The explanatory notes on 3.10b (new) have already stated that, for the sake of
transparency for the establishment owner, this Amendment Decree already brings
the environmental requirements that apply to operation of combustion plants
under the Activities Decree. This way, the establishment owners no longer need
to look through different decrees. Within this framework, the rules from the
Activities Decree and the Activities Regulation will now apply to having an
operational air heater or burner in an establishment.

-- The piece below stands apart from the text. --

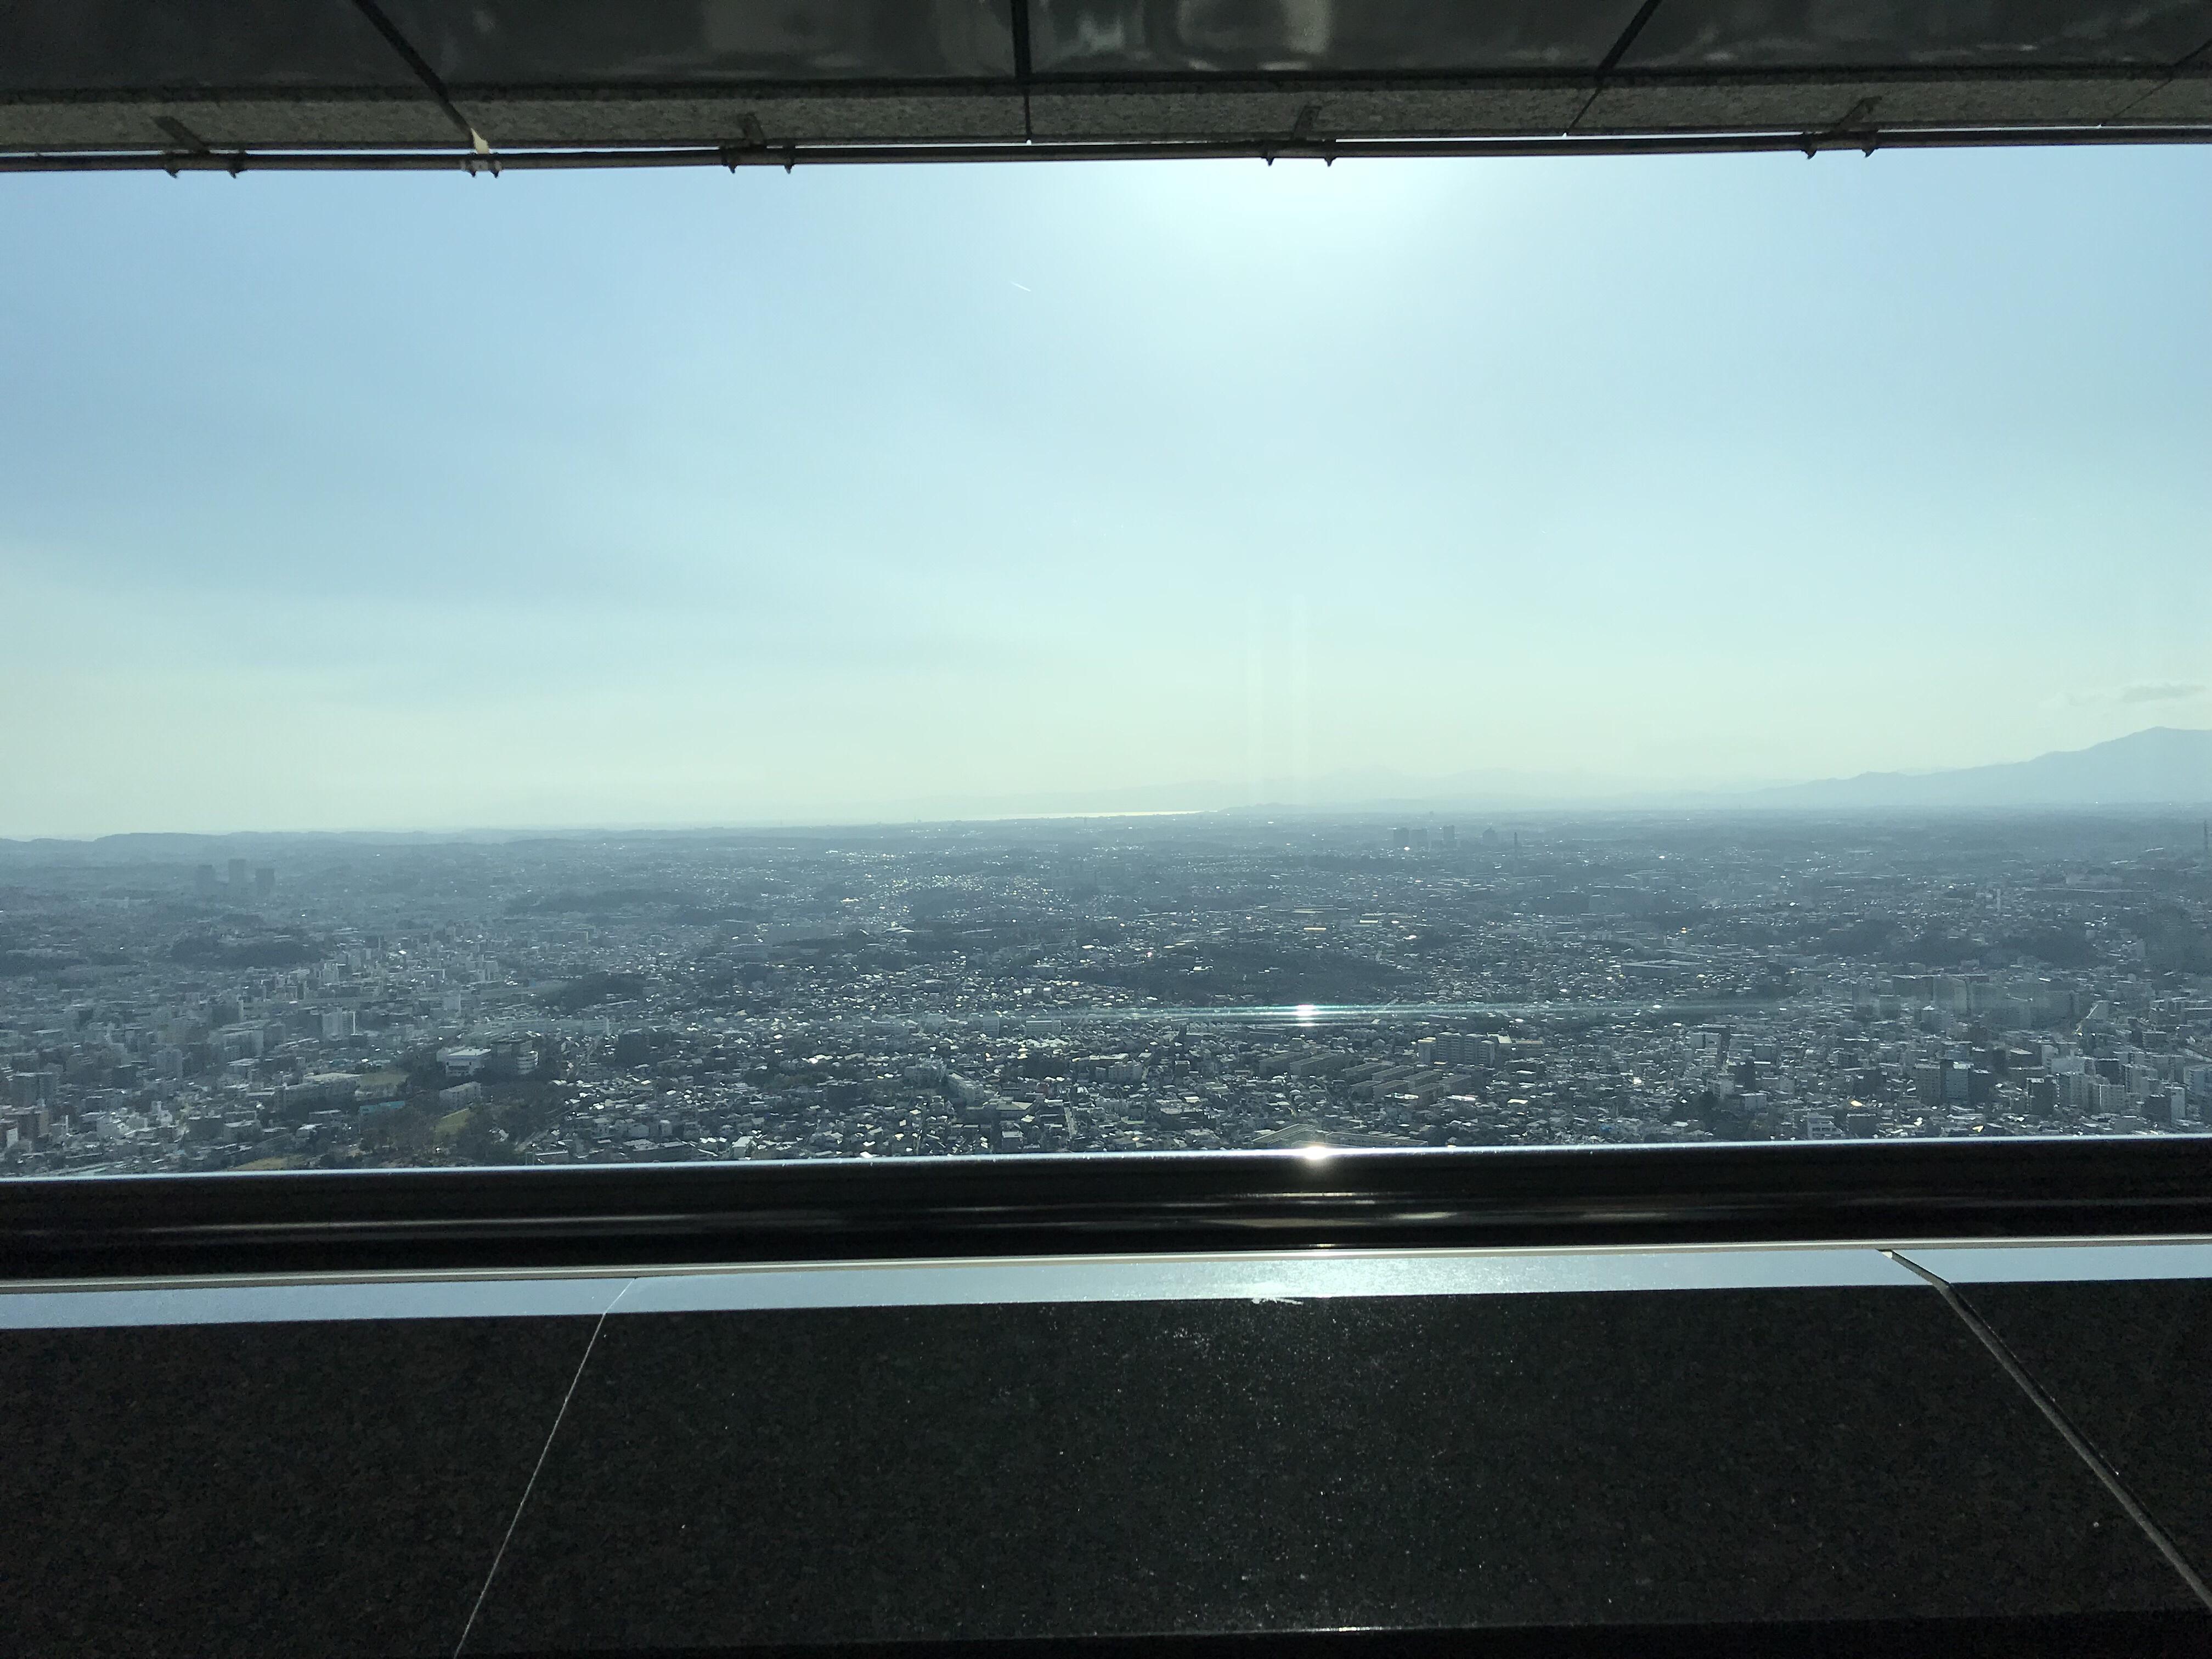 スカイカフェから見える景色
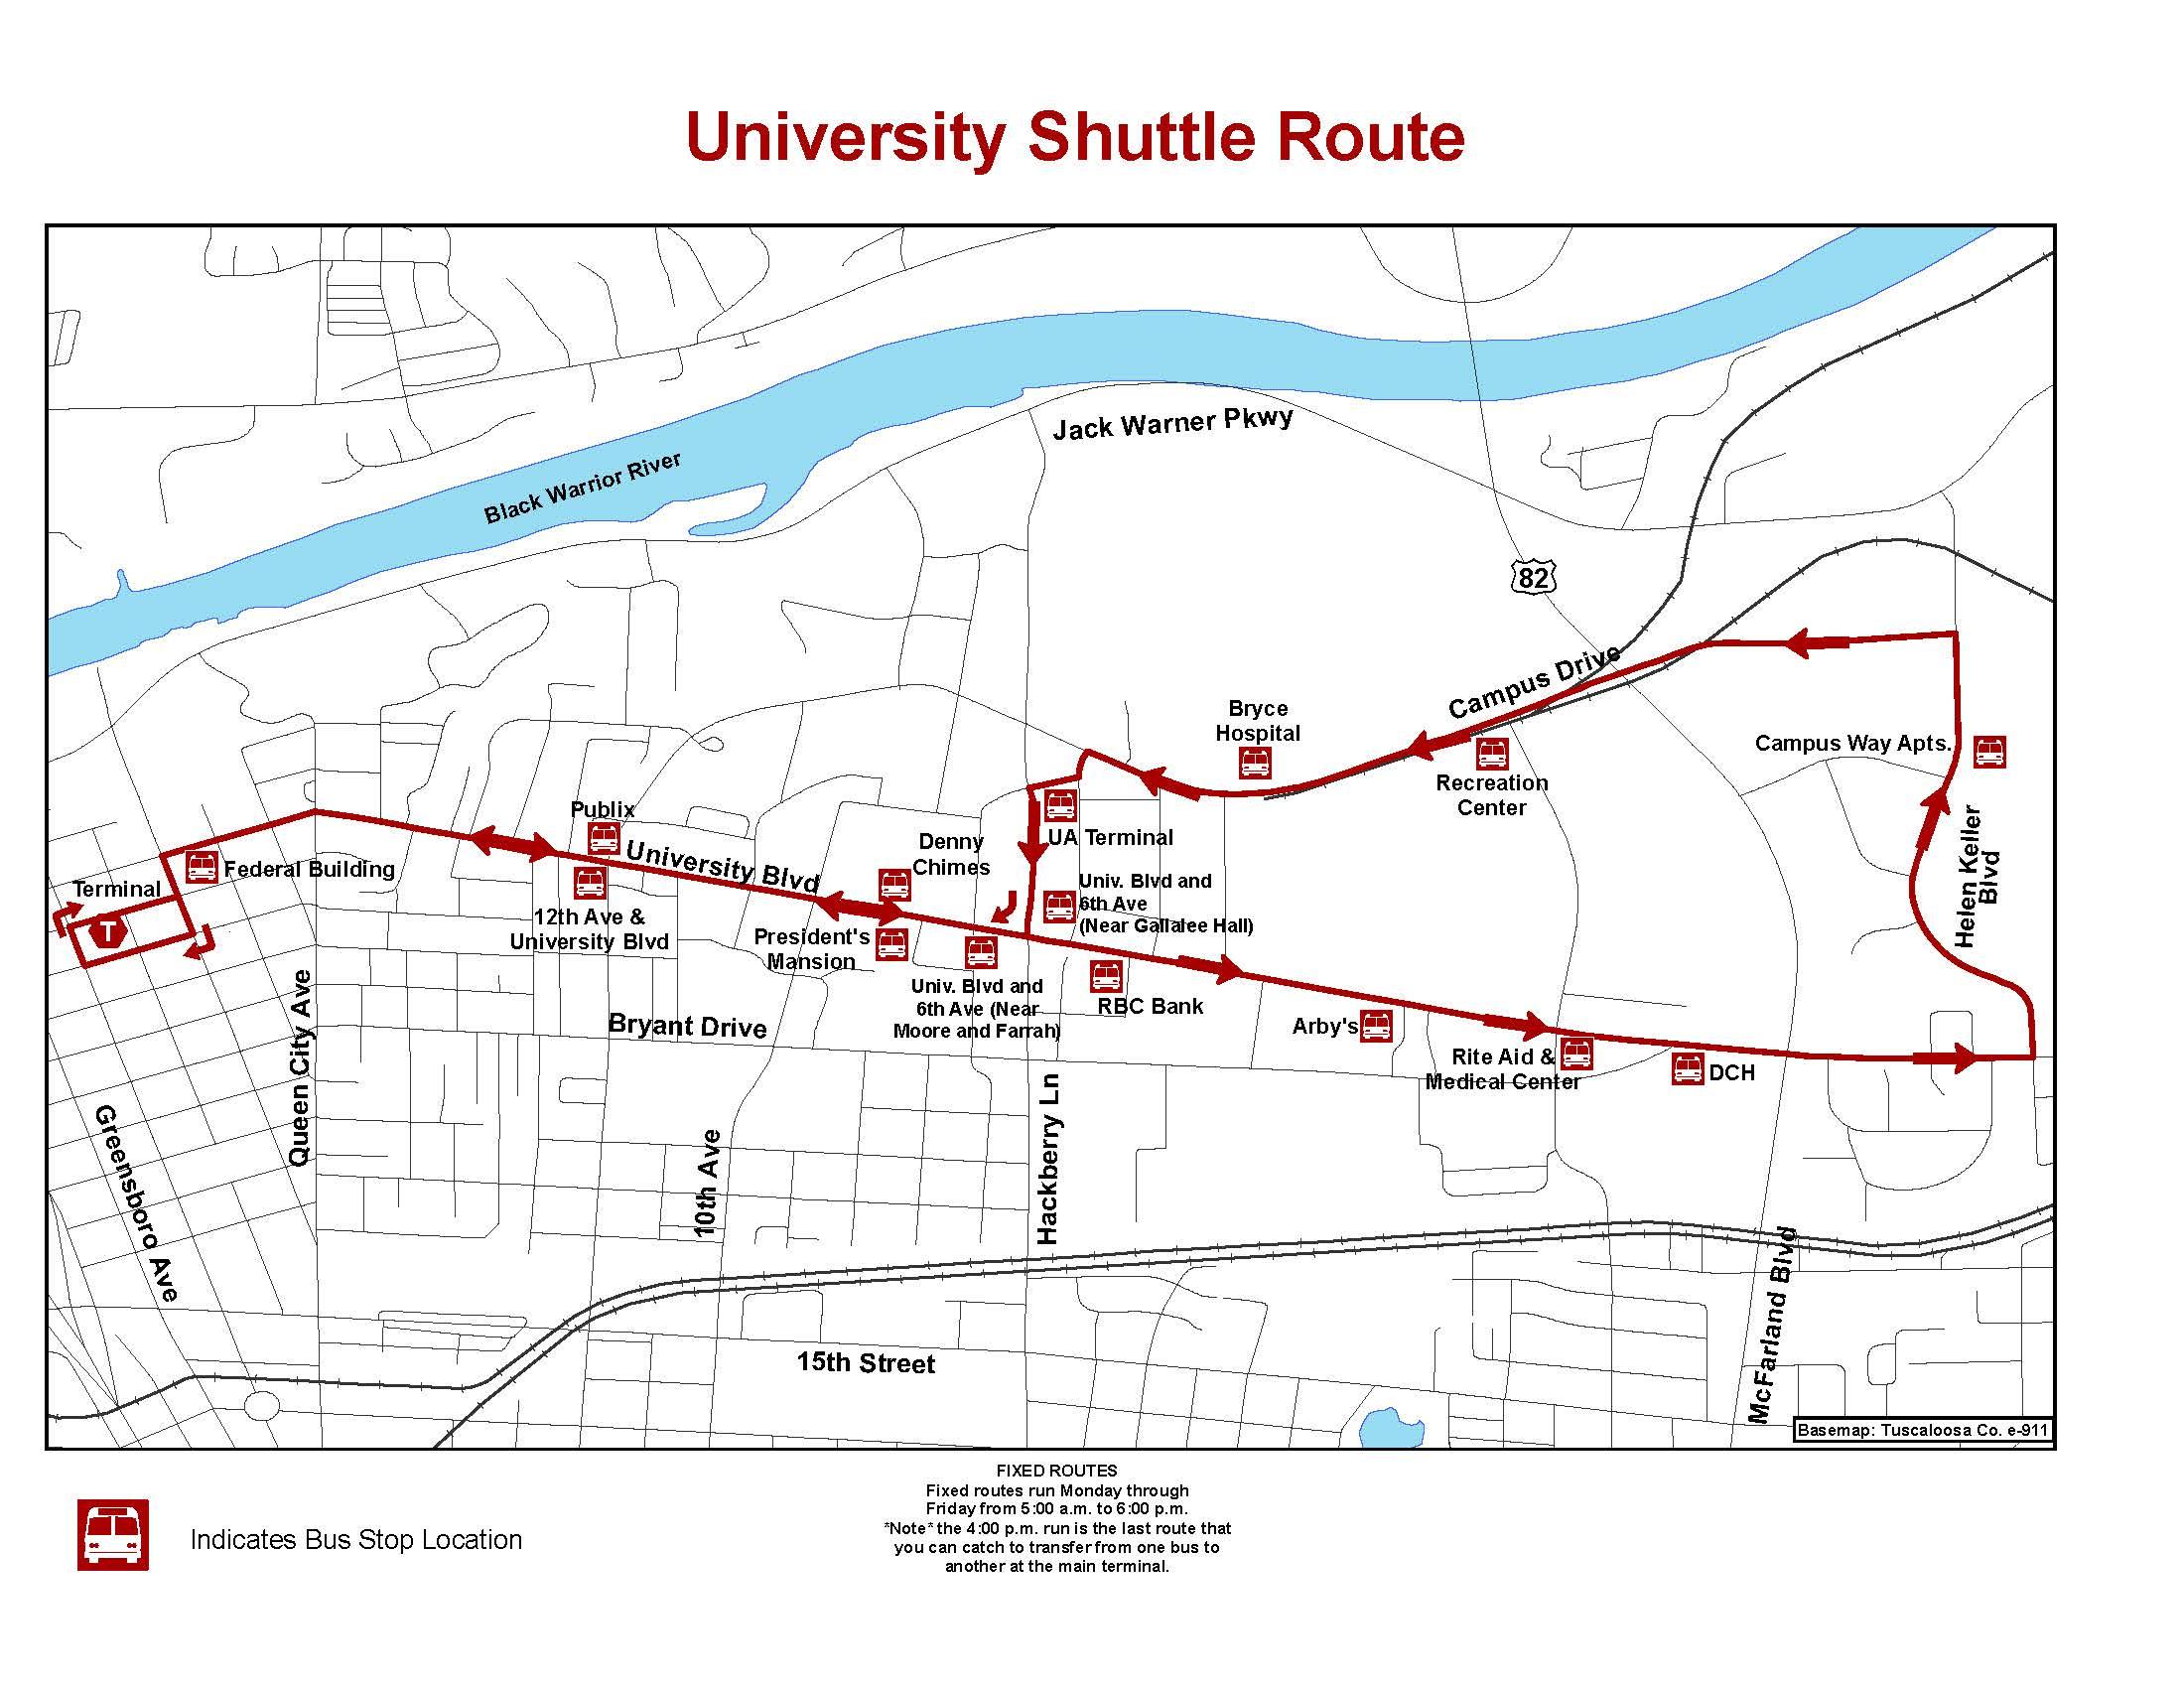 Tuscaloosa Transit Authority - University Shuttle Route

However, emissions requirements have not been included in the Activities Decree
for air heaters, burners outside of boiler plants or burners with a nominal thermal
capacity of less than 400 kilowatts. The duty of care applies to these. For burners
that are also actually a boiler plant and which have a nominal thermal capacity of
between 400 kilowatts and 1 megawatt, the emissions requirements in Article
3.10a have been included, including the corresponding provisions on faults and
measurements. The requirements pertaining to inspection and maintenance
apply to practically all combustion plants, i.e., just as before, also to combustion
plants in establishments that previously fell under the Btvls.
The repeal of the Btvls also entails the repeal of the emissions requirements on
operating of air heaters and burners outside of establishments. In practice, these
requirements are not checked. Once the Ecodesign Directive discussed in the
explanatory notes to 3.10b (new) takes effect, the requirements included there
for these combustion plants will also take effect. In anticipation of this change,
this decree has therefore been repealed in its entirety.
In this Amendment Decree, the BEMS has been transferred to Subsection 3.2.1 of
the Activities Decree. The BEMS can therefore be repealed.
Article IV
This Decree shall enter into force on a date determined by Royal Decree. This
date shall coincide with the entry into force of the provisions of the
implementation regulations set out in a Ministerial Regulation.